◆ **What to produce**:
Look below for the line containing "Lico Hawaii 540146"; from there, print each line exactly up to and including the line containing "気候の山シャークール東京西川 毛布 (インナーブランケット)", and stop.

◆ **Task data**:
↓

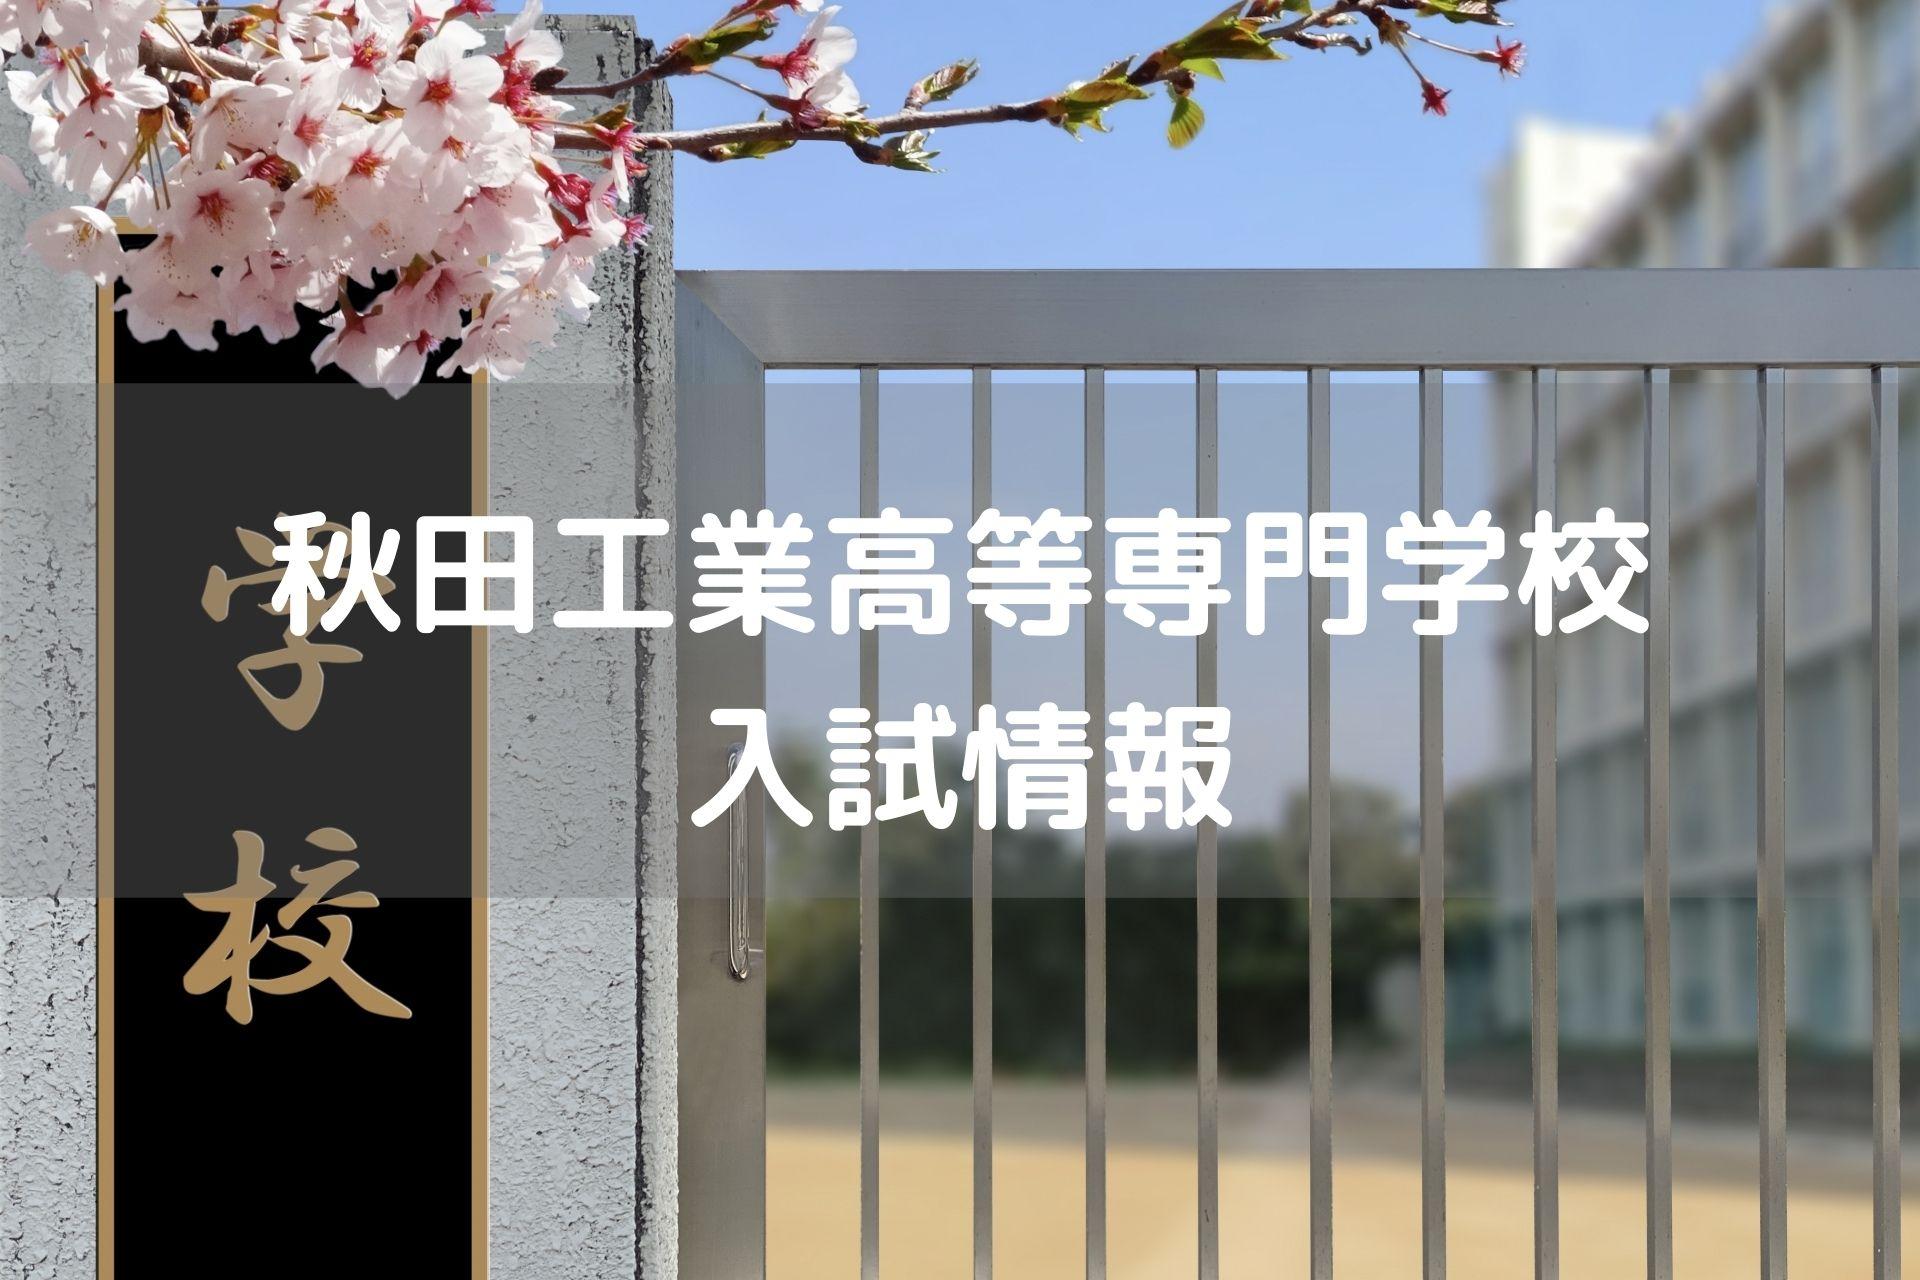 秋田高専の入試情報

↑
↓

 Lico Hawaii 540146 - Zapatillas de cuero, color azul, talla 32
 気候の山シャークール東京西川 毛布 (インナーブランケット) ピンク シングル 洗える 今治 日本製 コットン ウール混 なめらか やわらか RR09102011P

↑

◆ **Solution to the exercise**:
 Lico Hawaii 540146 - Zapatillas de cuero, color azul, talla 32
 気候の山シャークール東京西川 毛布 (インナーブランケット) ピンク シングル 洗える 今治 日本製 コットン ウール混 なめらか やわらか RR09102011P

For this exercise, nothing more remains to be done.